O "Pingo no i" é um desses exemplos. Em vez de números, as cartas são letras e o seu objetivo é descartá-las enquanto forma palavras — mesma regra do buraco, só que auxiliando no raciocínio em português e na formação de vocabulário.
Já Silva aponta outro benefício: o social.
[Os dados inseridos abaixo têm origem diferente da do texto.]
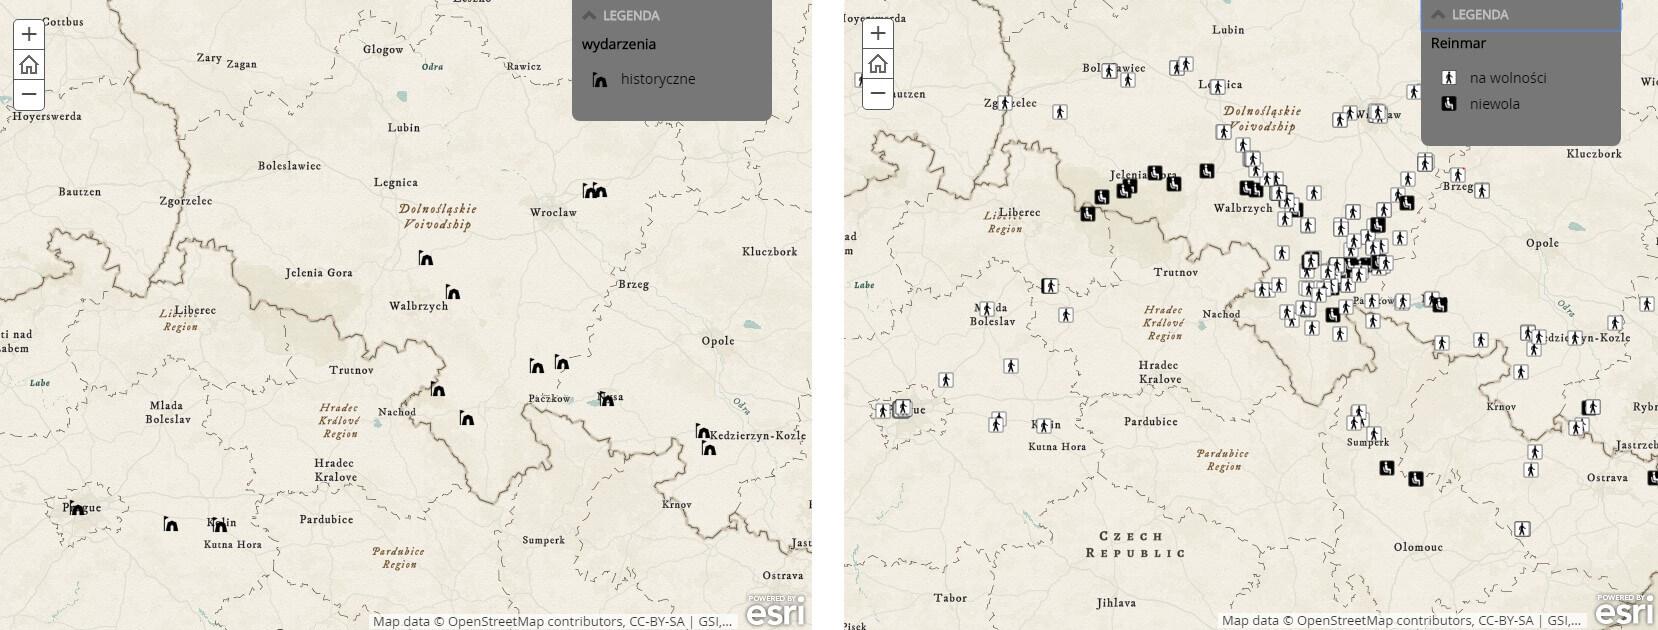 Ryc. 5. Mapy tematyczne przedstawiające wydarzenia historyczne w trylogii husyckiej oraz miejsca, wktórych Reynevan podróżował jako jeniec lub był w niewoli

Já há anos participando de encontros e campeonatos, ele percebe que o público antes era muito escasso ou formado somente por colecionadores, não jogadores. Agora, alguns veteranos cresceram e continuaram jogando, enquanto crianças bem novas já trilham o mesmo caminho – a faixa etária do público de Pokémon, inclusive o competitivo, vai de dez a quarenta anos. Se depender dessas pessoas, os jogos de cartas podem até ficar amarelados, mas sempre terão um espaço especial na estante, nem que seja ao lado de um PC ou console da moda.